= Required work =
Pictures excluded, output the lines of the data below between the one holding "Eschenholz Mit Led" and the one holding "Bottega Gold Brut 2017", inclusive, exactly as they stand.

= Exercise material =
──────

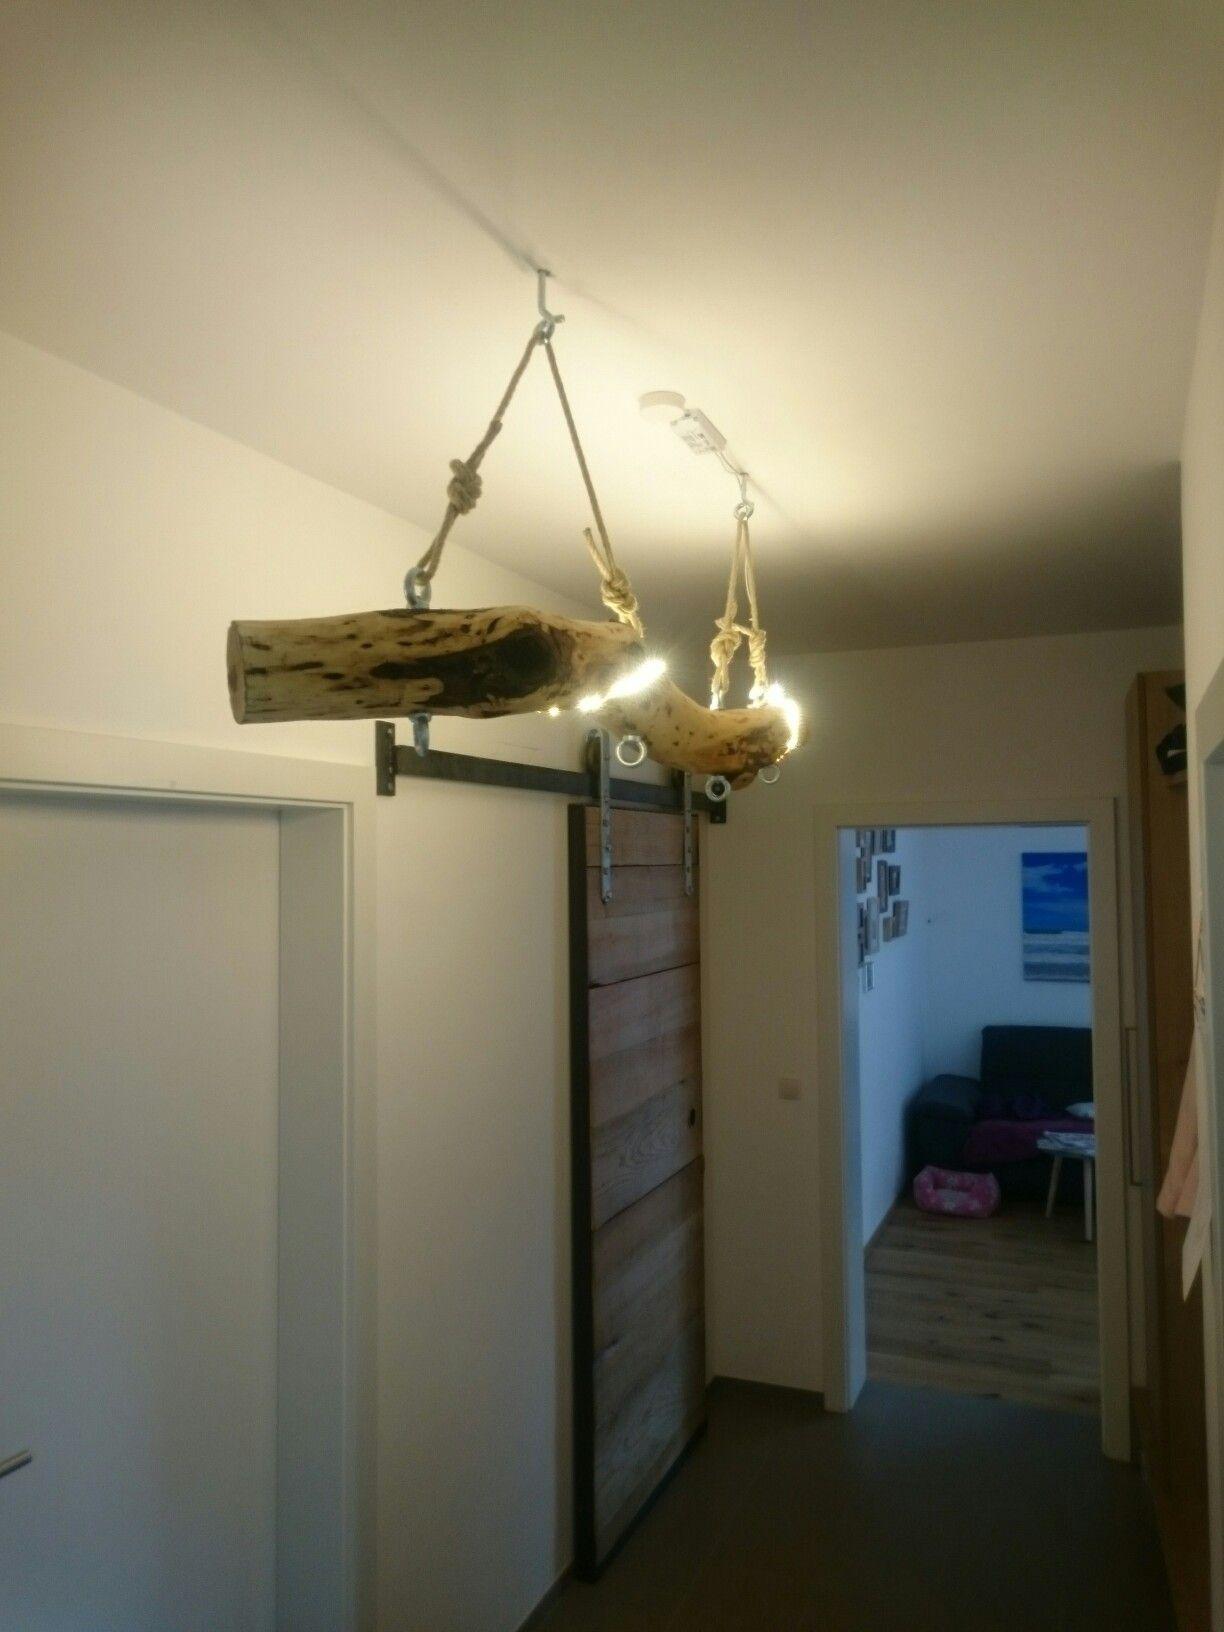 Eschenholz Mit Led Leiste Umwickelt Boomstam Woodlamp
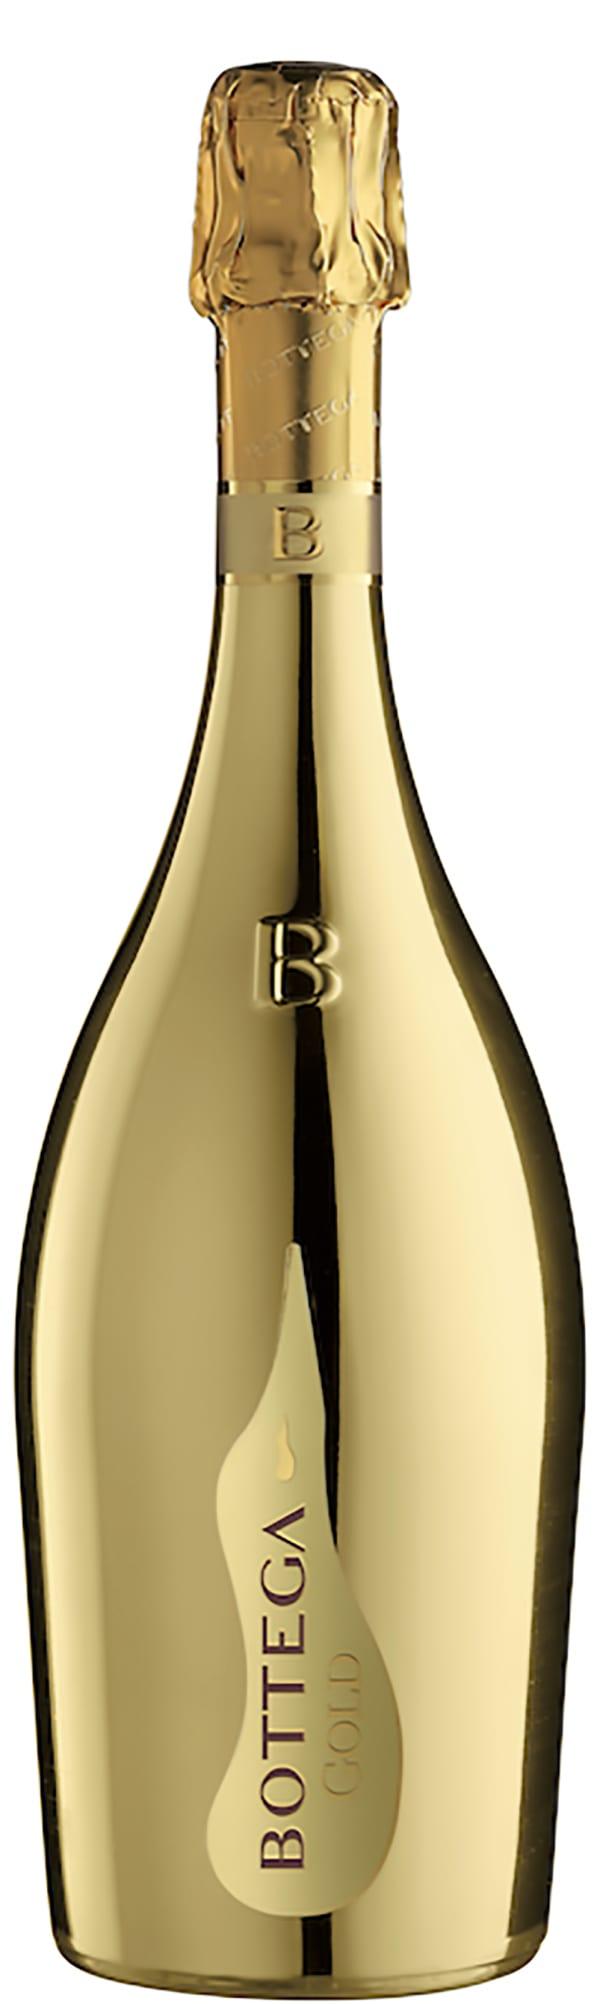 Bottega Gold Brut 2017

──────

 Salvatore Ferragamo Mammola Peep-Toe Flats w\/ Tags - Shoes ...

──────

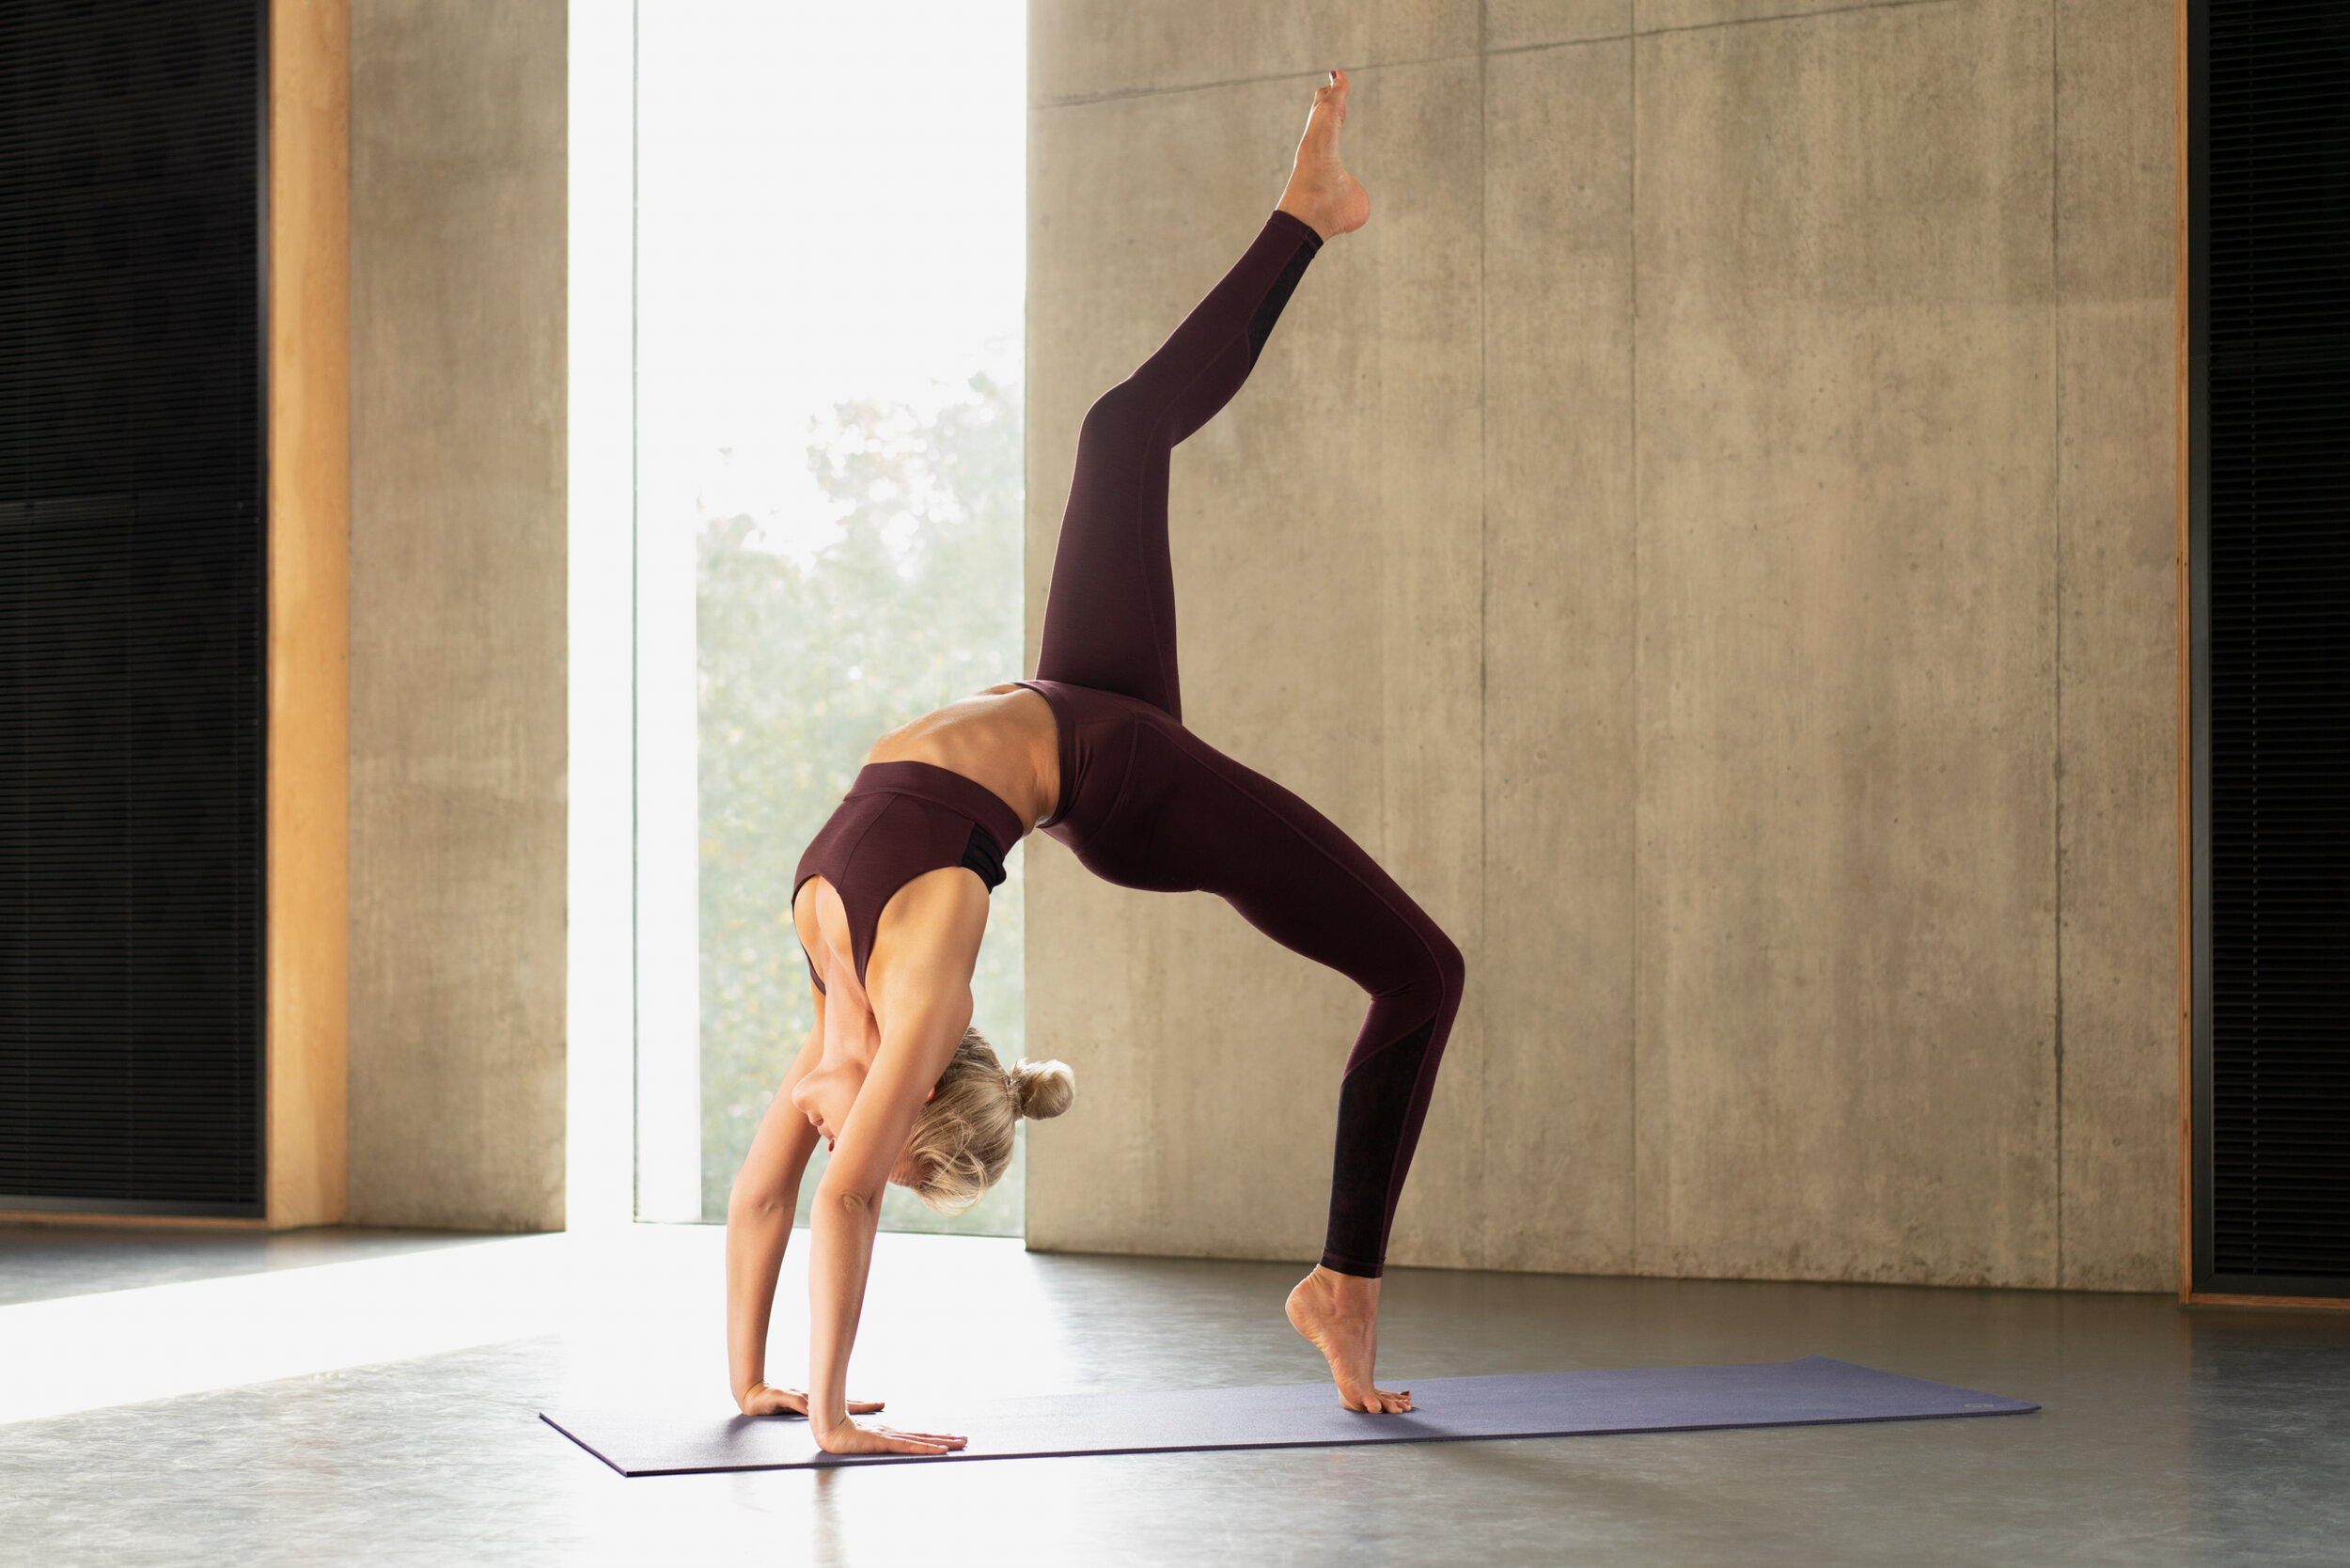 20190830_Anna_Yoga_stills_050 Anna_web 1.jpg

──────

= Solution for this problem =
 Eschenholz Mit Led Leiste Umwickelt Boomstam Woodlamp
 Bottega Gold Brut 2017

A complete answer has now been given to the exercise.